* **AVAILABLE DATA**:
---+---

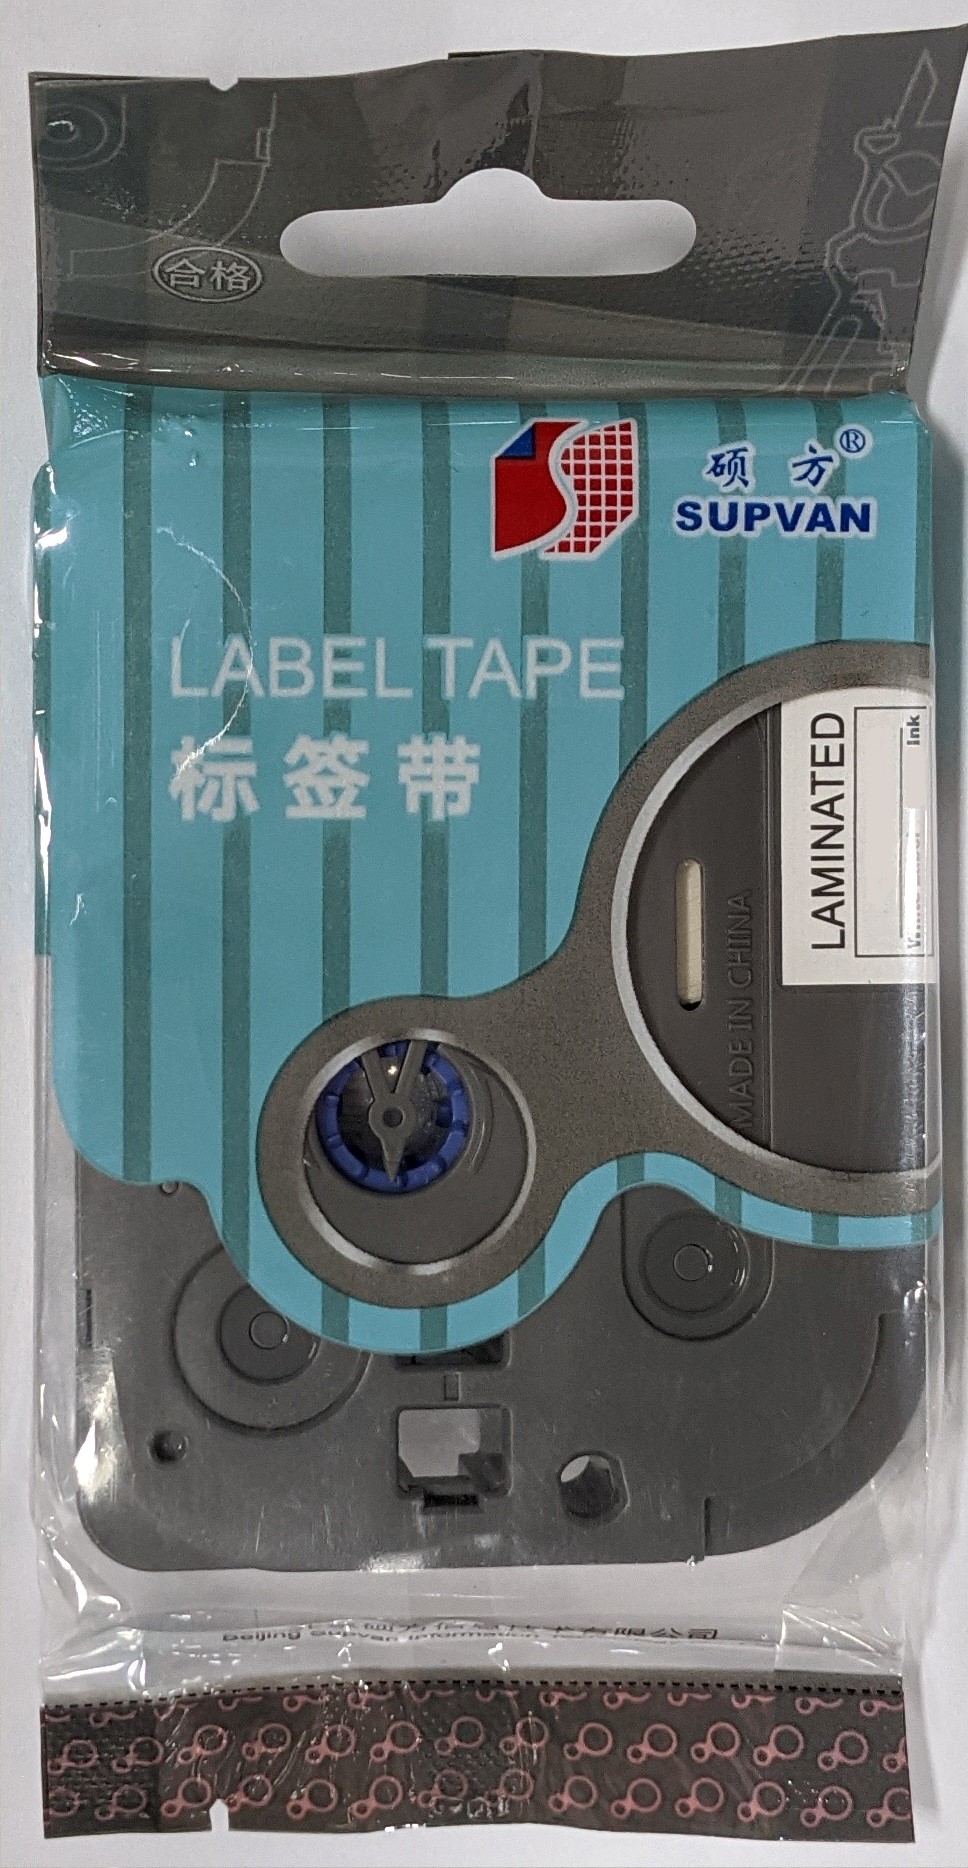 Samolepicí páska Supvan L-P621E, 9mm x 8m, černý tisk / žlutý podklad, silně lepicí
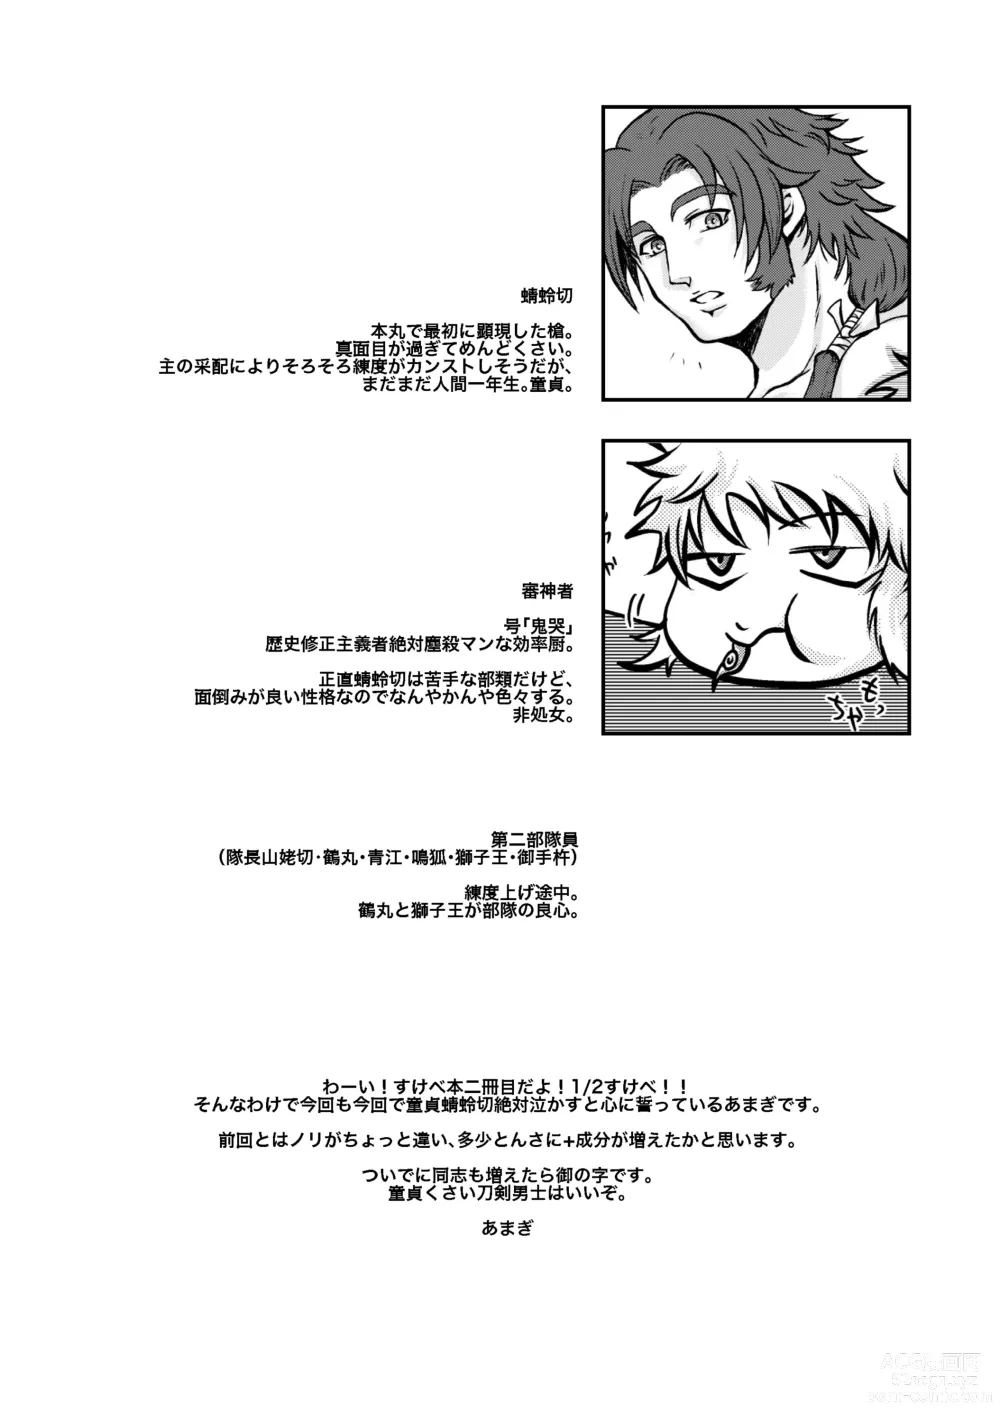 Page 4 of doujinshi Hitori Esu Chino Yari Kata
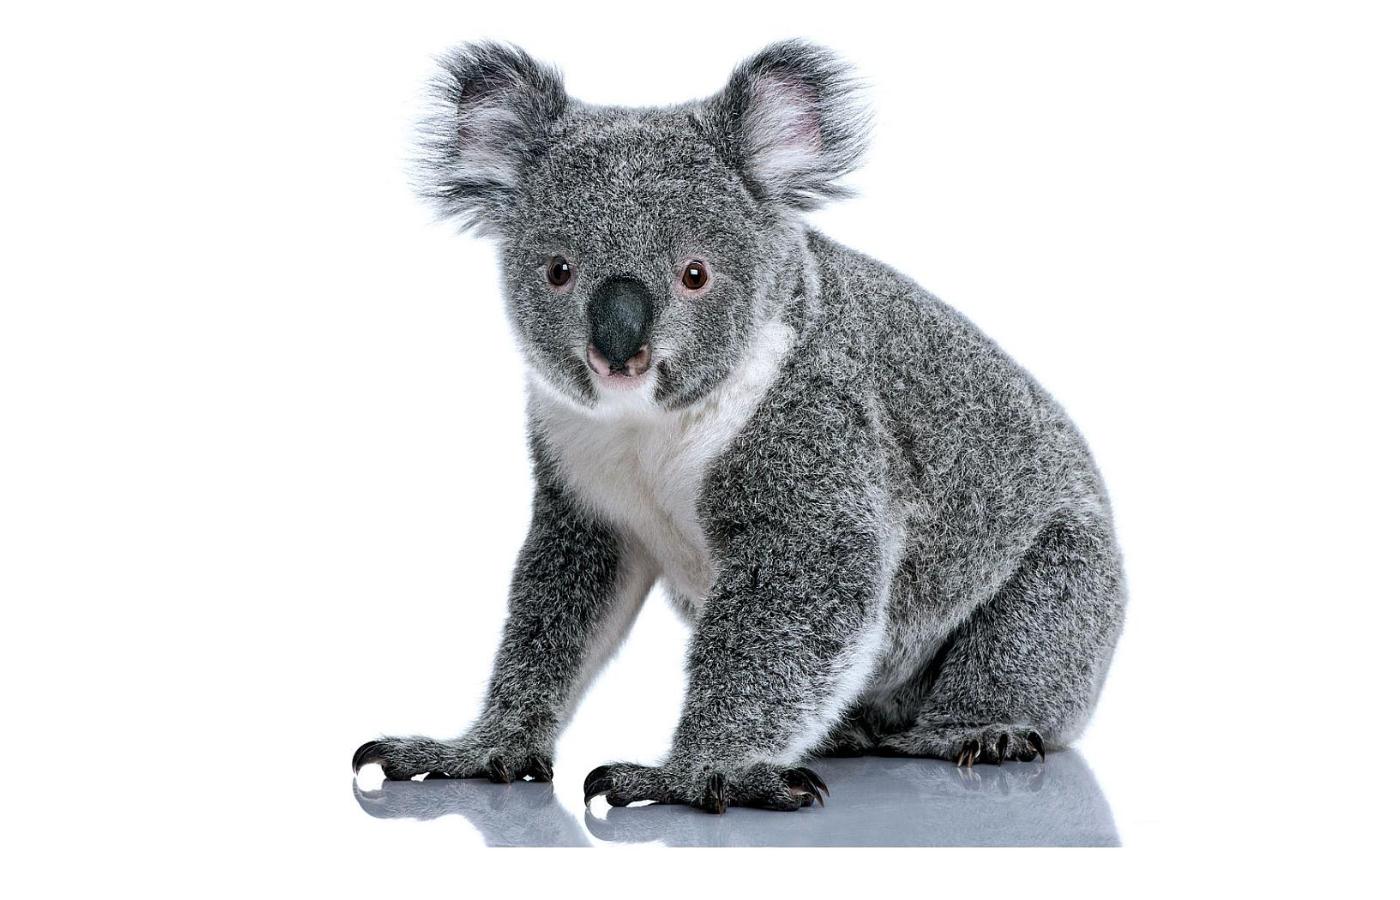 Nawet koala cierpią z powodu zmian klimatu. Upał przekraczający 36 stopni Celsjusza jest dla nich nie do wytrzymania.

---+---

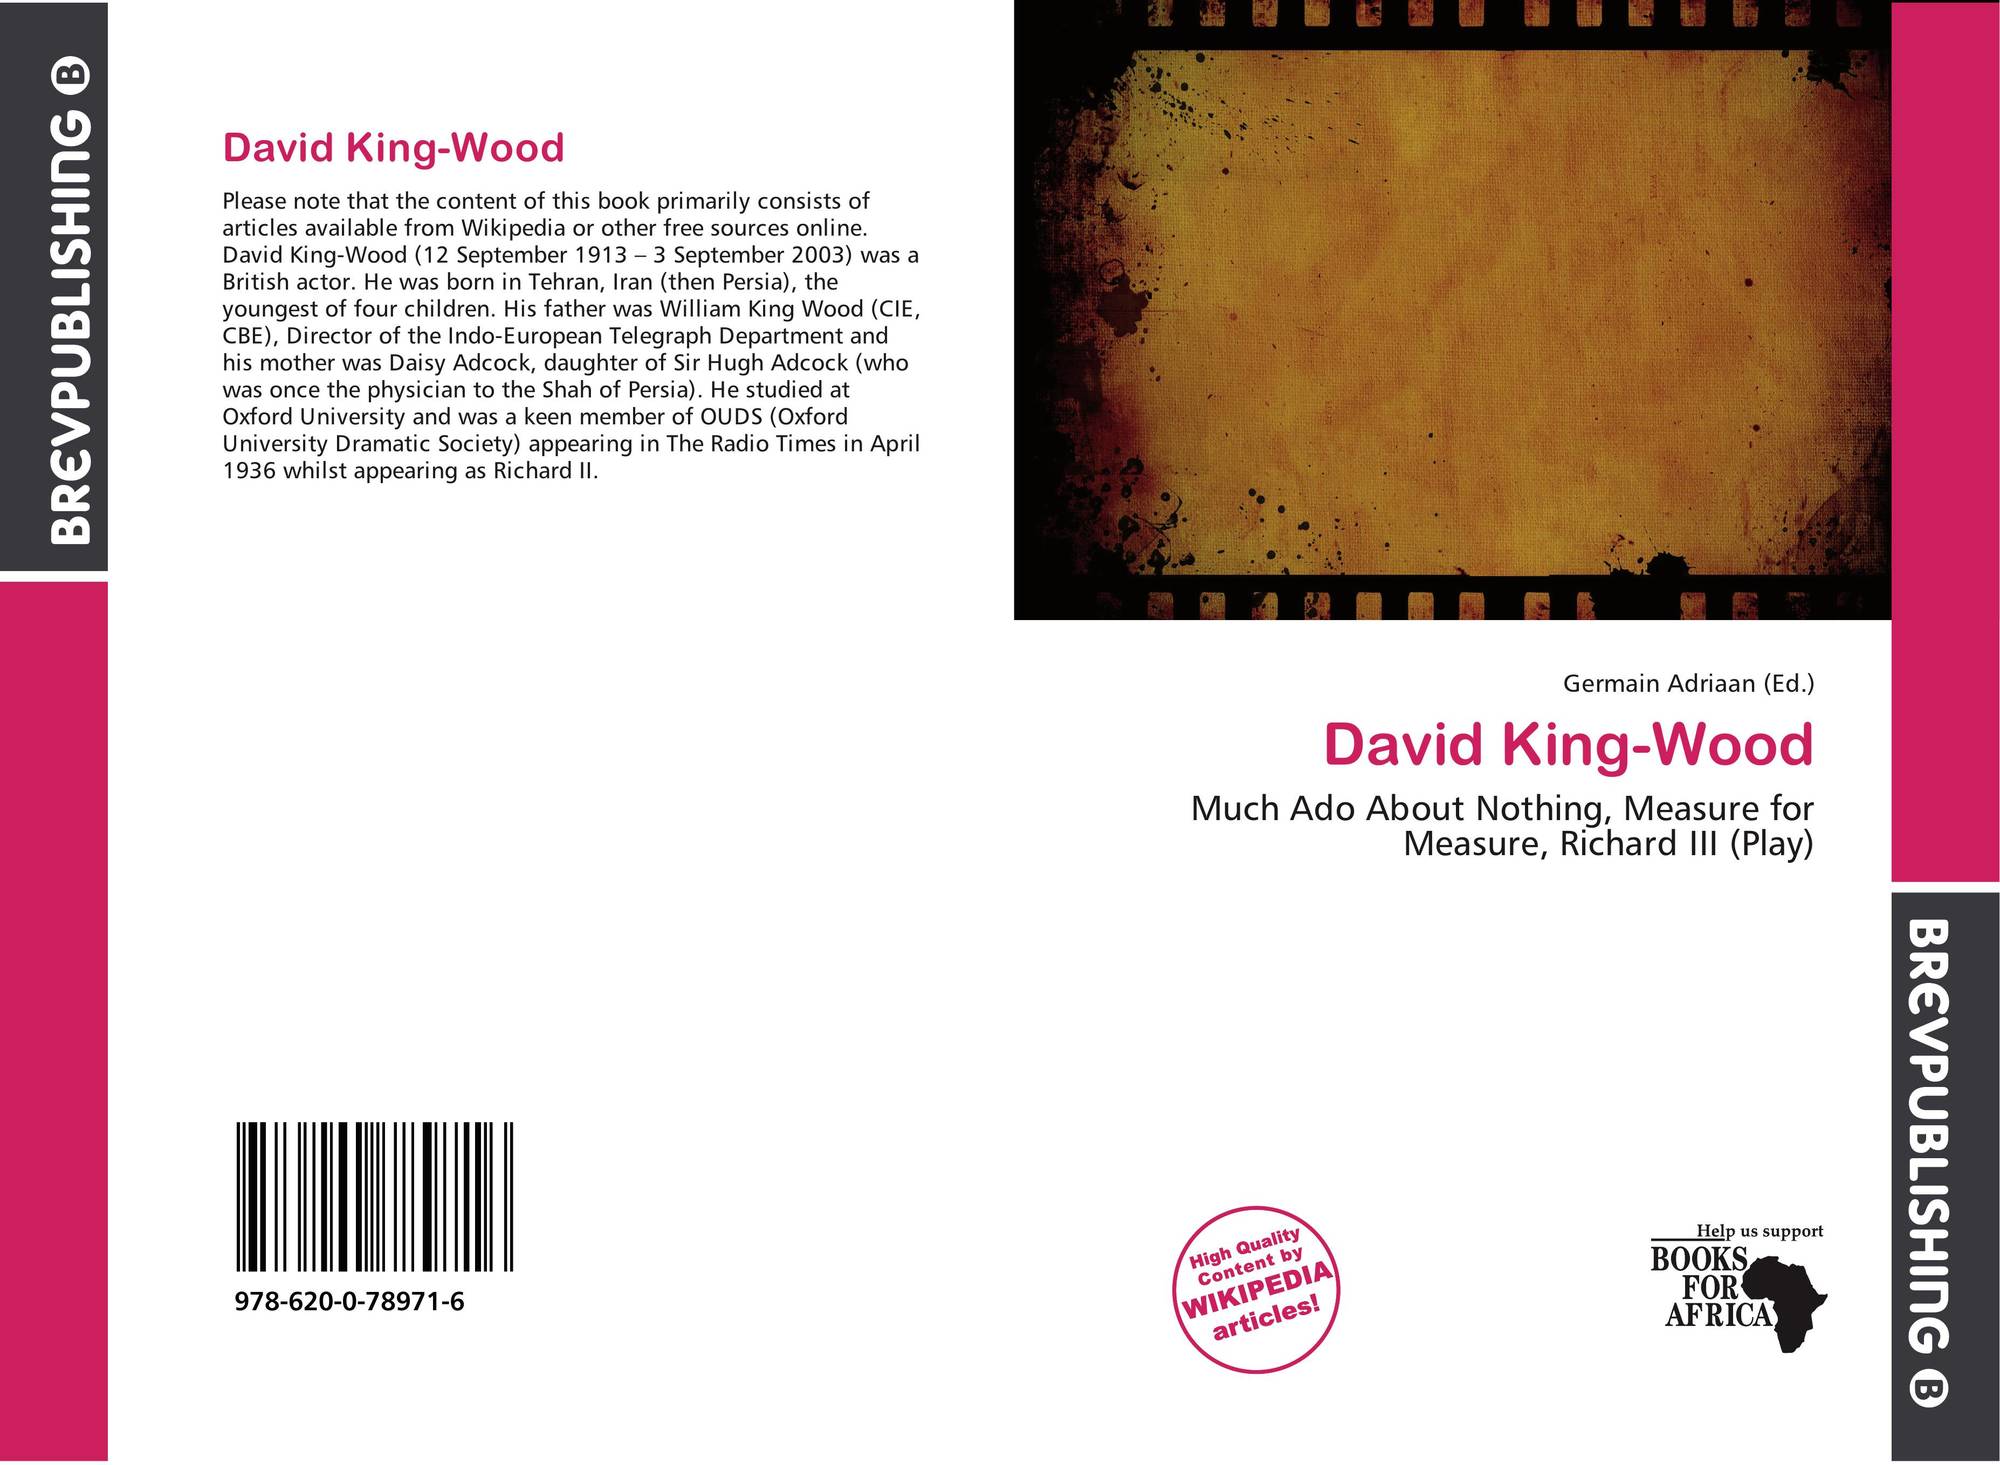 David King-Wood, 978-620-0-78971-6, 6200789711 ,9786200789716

---+---

* **ACTIVITY**: Beginning at the line above that contains "Samolepicí páska Supvan", repeat each line exactly through the one that contains "Nawet koala cierpią", and leave out the pictures.

* **YOUR RESPONSE**:
 Samolepicí páska Supvan L-P621E, 9mm x 8m, černý tisk / žlutý podklad, silně lepicí
 Page 4 of doujinshi Hitori Esu Chino Yari Kata
 Nawet koala cierpią z powodu zmian klimatu. Upał przekraczający 36 stopni Celsjusza jest dla nich nie do wytrzymania.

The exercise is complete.